I remember feeling at the end of it exhausted but pleased, like when you’re back from--
from a healthy morning run. You’re sweaty and your body’s sore, but it’s a welcome soreness. So did my imagination feel then: its book-cherry popped, a part of it otherwise unexplored suddenly excited, exhausted, exhilirated—”

Wait—it’s about writing. 

Ok:

“I guess I could wax Borges and tell you that I was a reader before I was a writer, or that I think that whatever a writer is, it’s the kind of person who besides dipping a blank page in his imagination—hoping to glean something more than a small anecdote from it—reads, reads, and then reads some more. And that, in this twofold process that is imagination-journeying, he arrives at a certain, oh, let’s just say it: a transcendence, building a bridge between his own experience and the experience of others.
“Which is why I’m not going to recant my Harry Potter anecdote. Because  that’s what it’s all about: sitting down and immersing yourself in your own imagination, hopefully interacting with something, a collective something that you’re in touch with beyond the words. And always yourself. Always yourself.
 “I love that word, by the way—imagination. It’s what the whole reading and writing gig is all about. About finding ways to gain access to the magical machine inside you, the particle accelerator that relentlessly likes to indulge in pure prettiness.
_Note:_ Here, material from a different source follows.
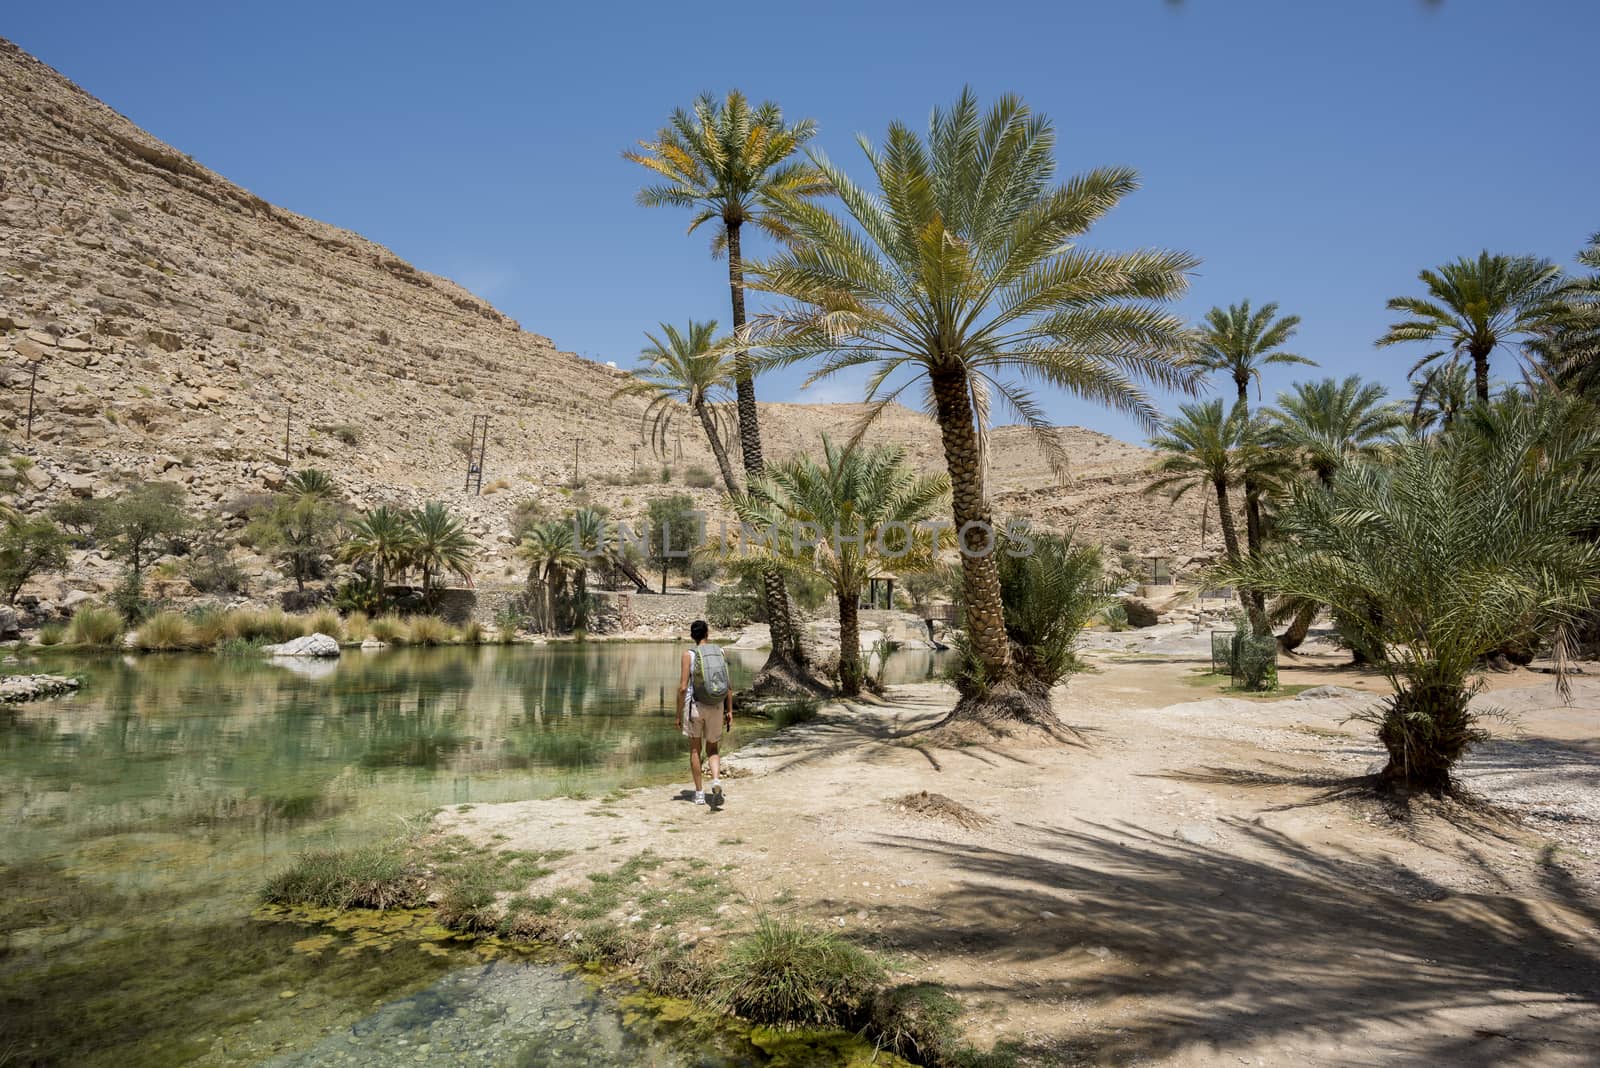 Woman (tourist) walking near the main pool  of the famous Wadi Bani Khalid in the Sultanate of Oman

When you read, you use the book in front of you as an excuse to create landscapes in your mind—to fill its silence with word-sounds, characters, all that jazz. And when you write, you’re scavenging your imagination for what it itself produces in between dreams. You’re picking up the pieces and playing; you’re the baby on the piano. The English language becomes a playground. And for a moment it seems endless. You’re in touch with something eternal.
“You put up a show. The curtains rise and you’re the thespian, so you don yourself with prose and quotation marks and you let it rip. And for a while, the energy of the quinceañero around you dissipates into nothingness, and you’re so absorbed, either in the writing or in the reading, that you can’t even smell the putrefied particles around you.”

6 comments:

  1. Very nice. Flows freely. Feels like reading someone's "imagination."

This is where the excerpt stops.